| EXERCISE DATA |
Start of Block
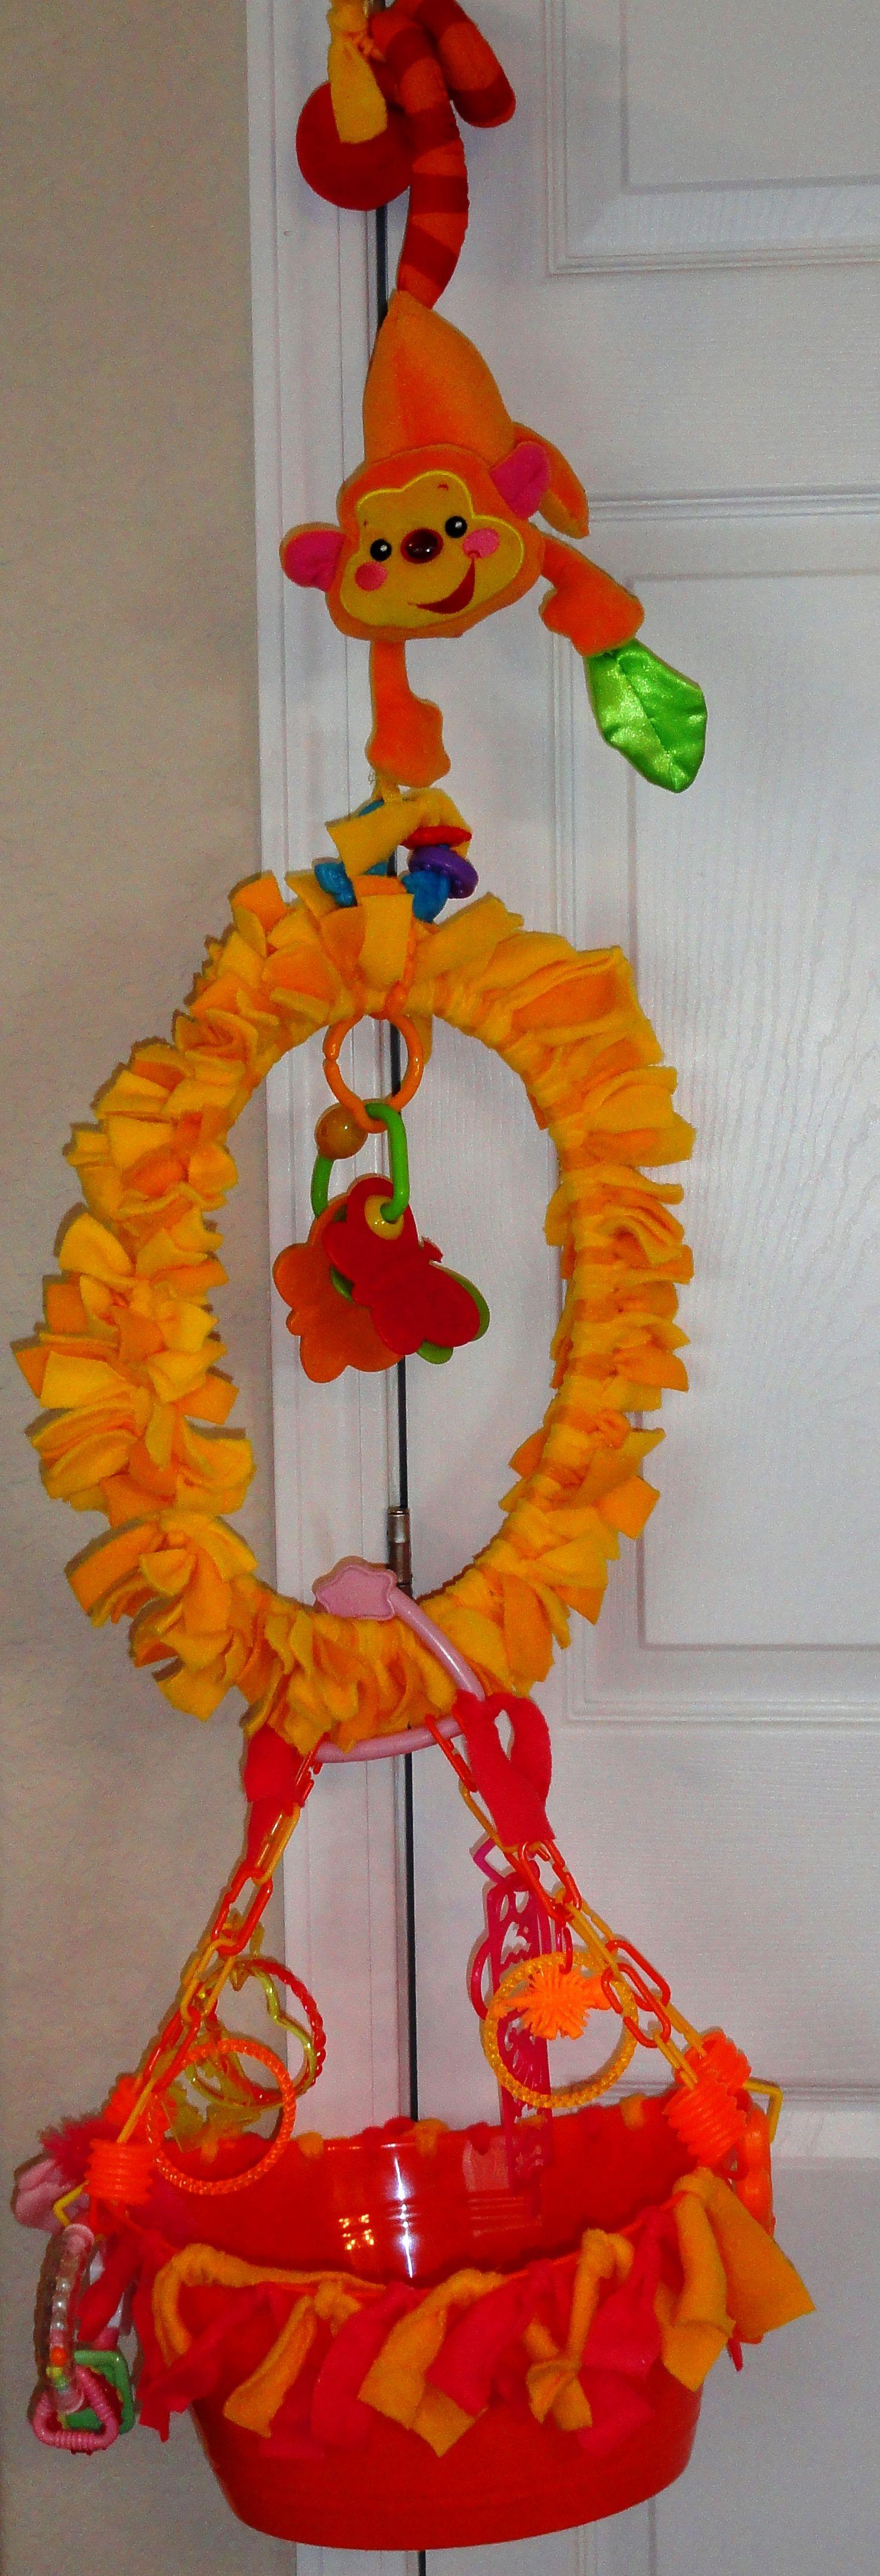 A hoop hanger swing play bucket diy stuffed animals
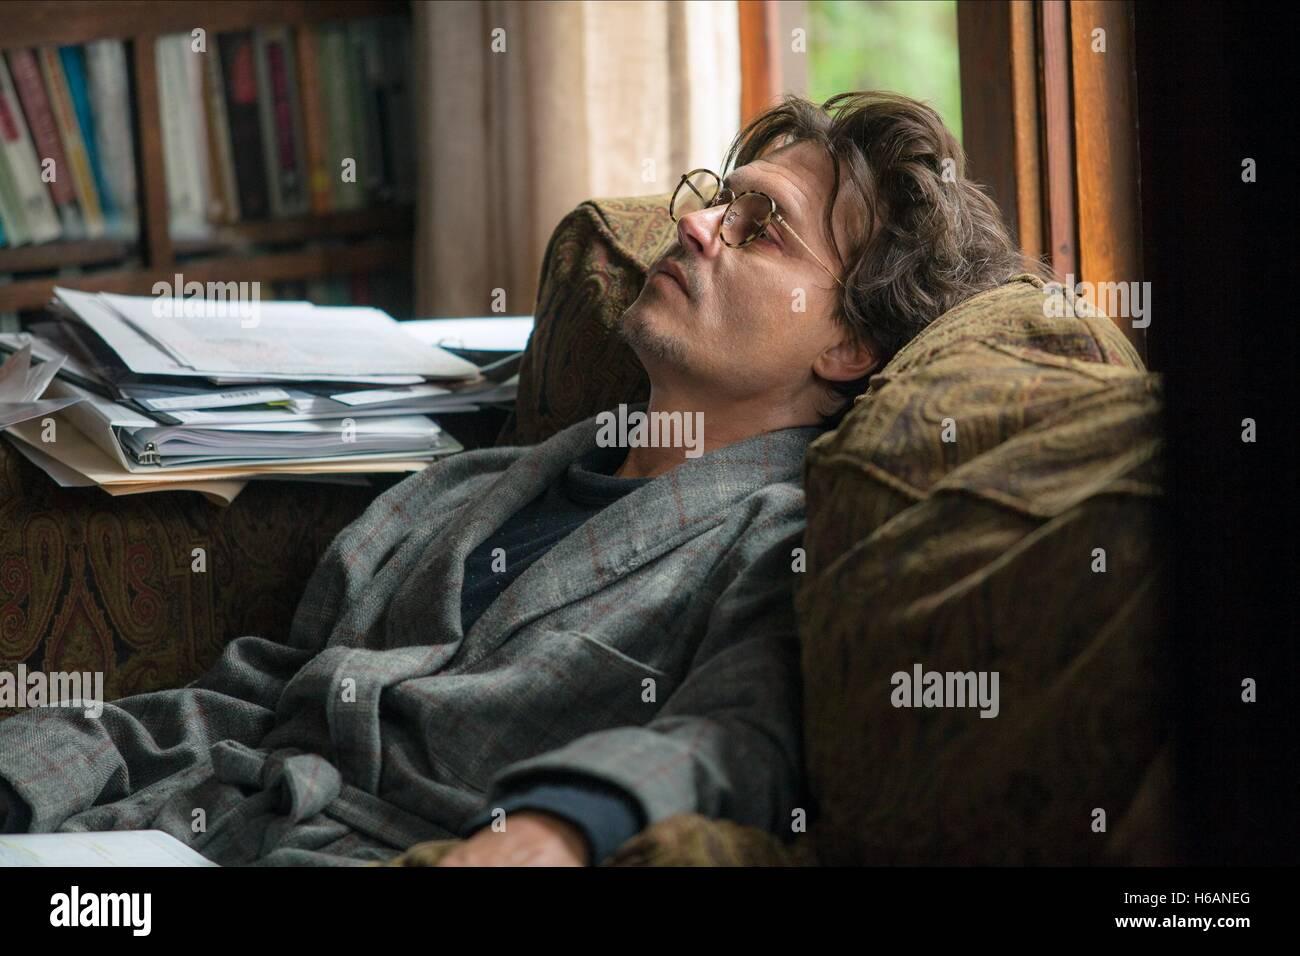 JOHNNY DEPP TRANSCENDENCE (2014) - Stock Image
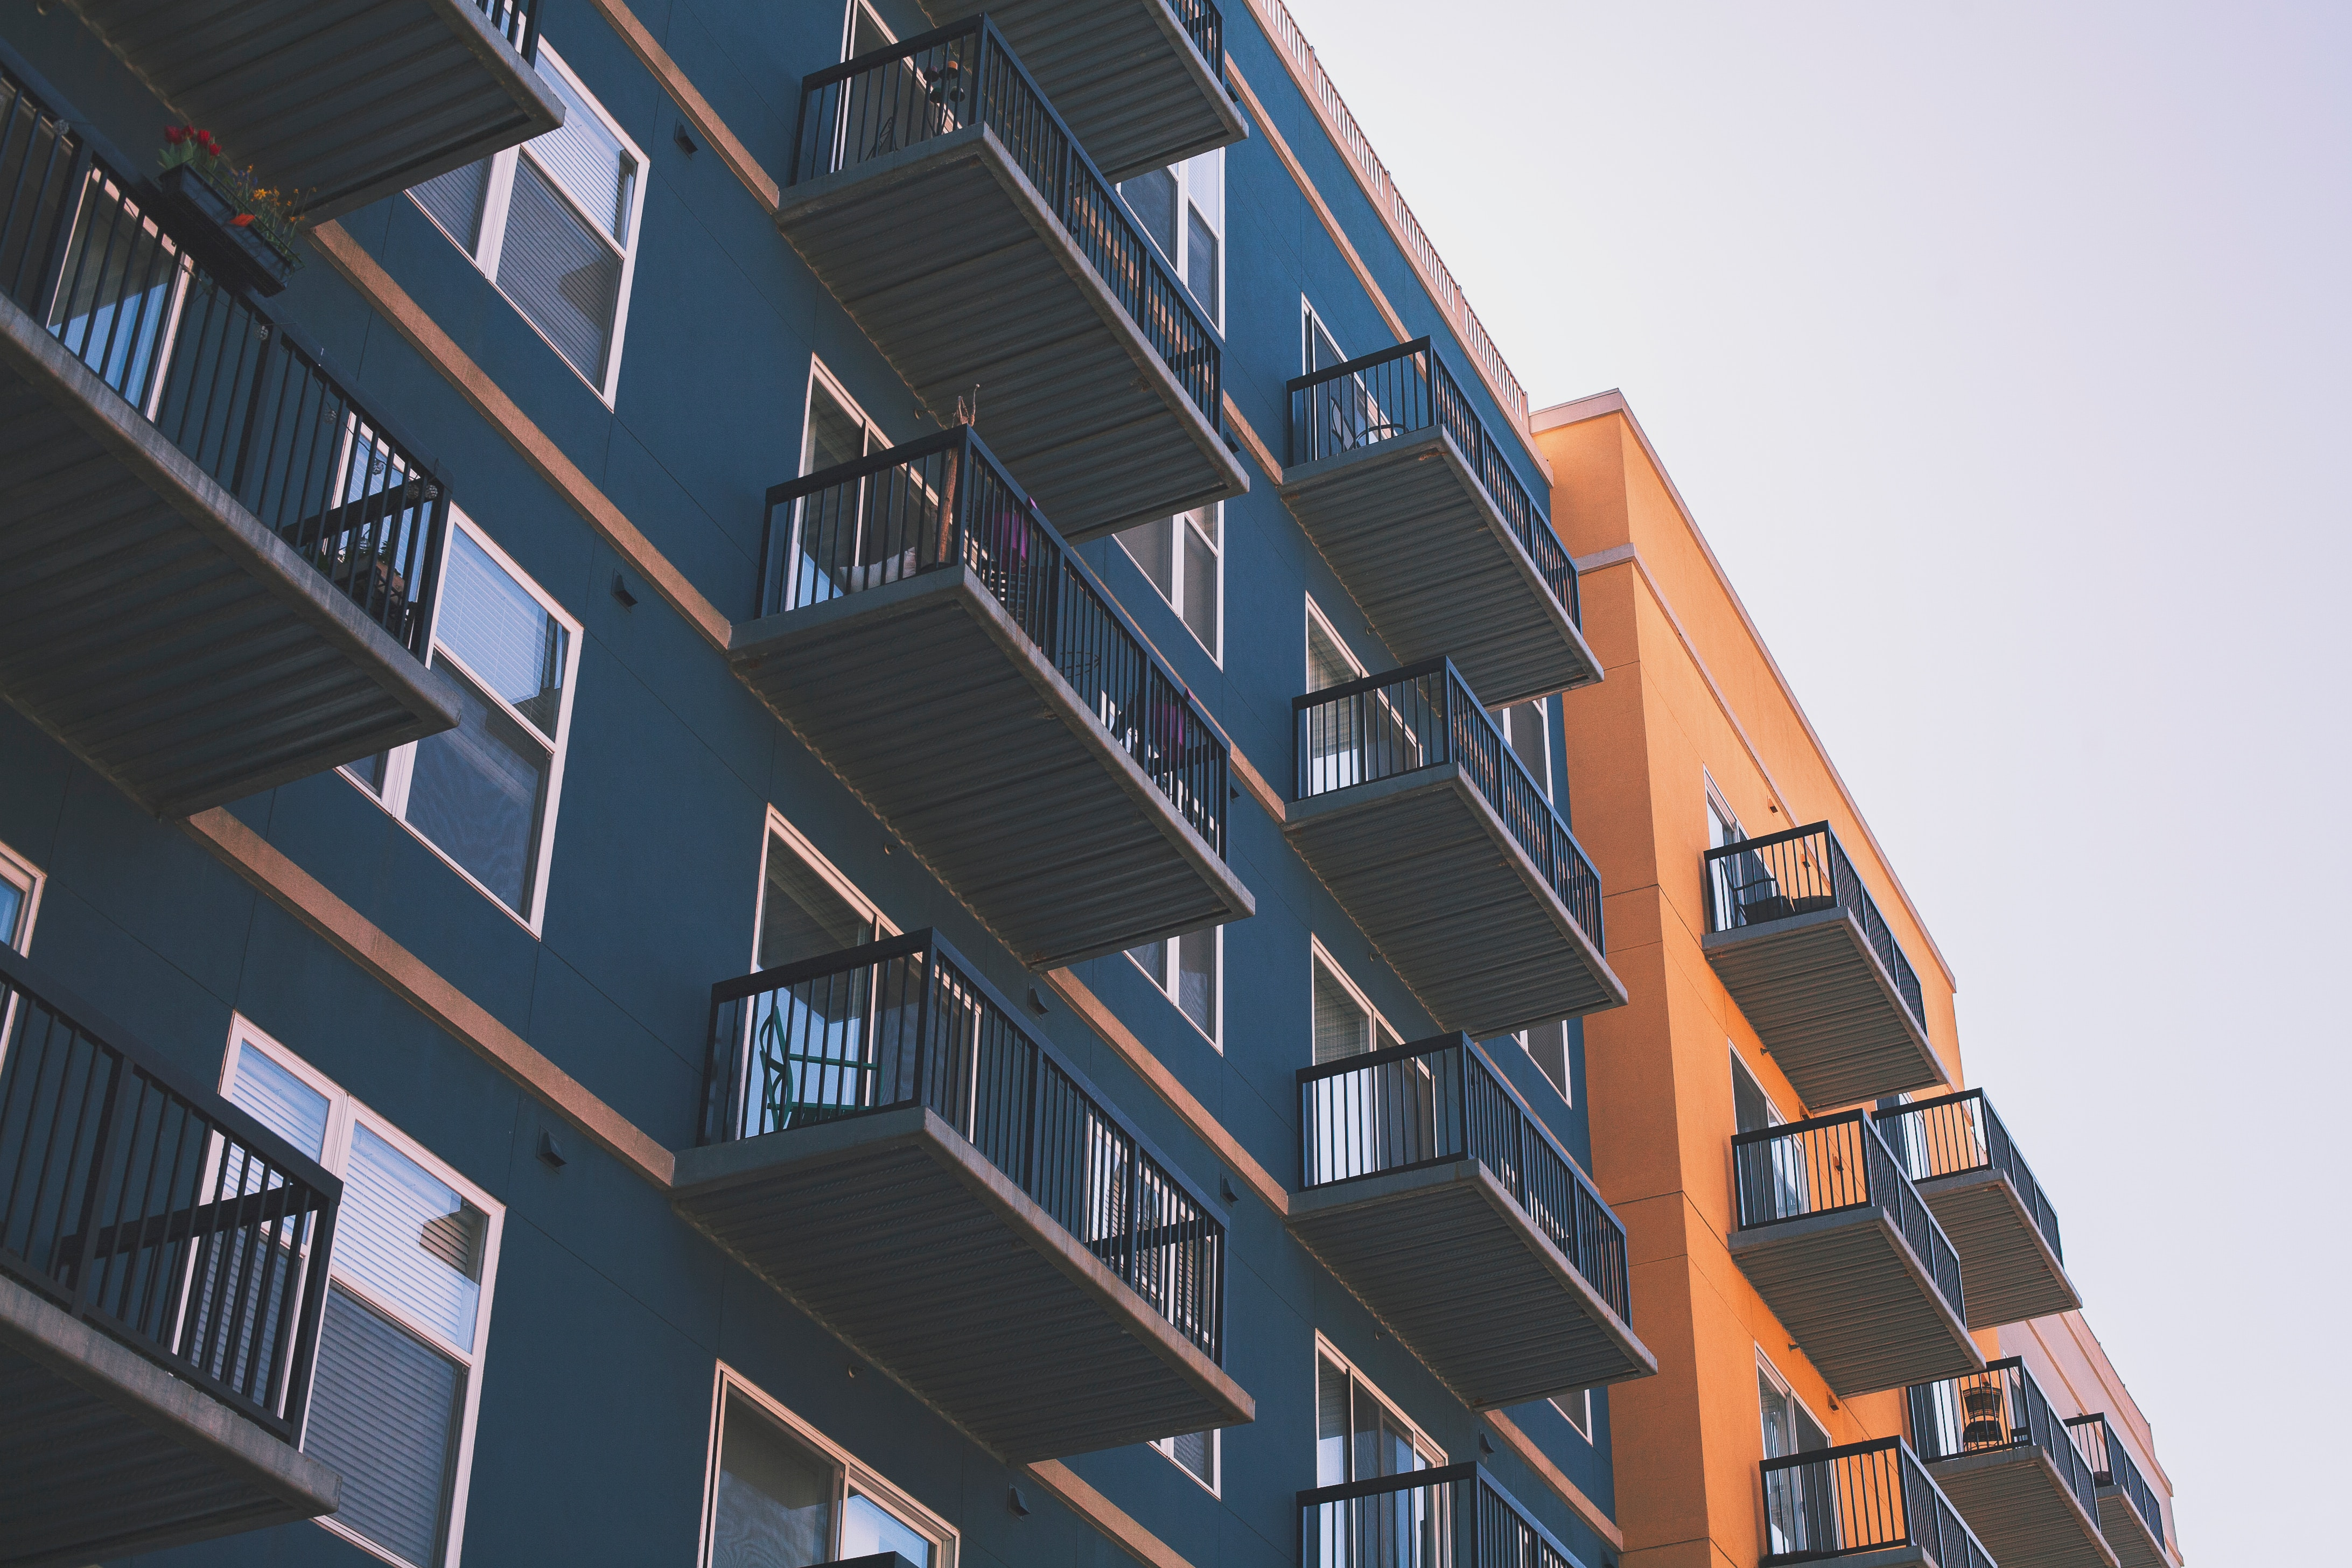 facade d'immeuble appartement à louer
End of Block
| WORK TASK |
In your copy, reproduce the data above exactly and skip every picture.

| RESPONSE |
 A hoop hanger swing play bucket diy stuffed animals
 JOHNNY DEPP TRANSCENDENCE (2014) - Stock Image
 facade d'immeuble appartement à louer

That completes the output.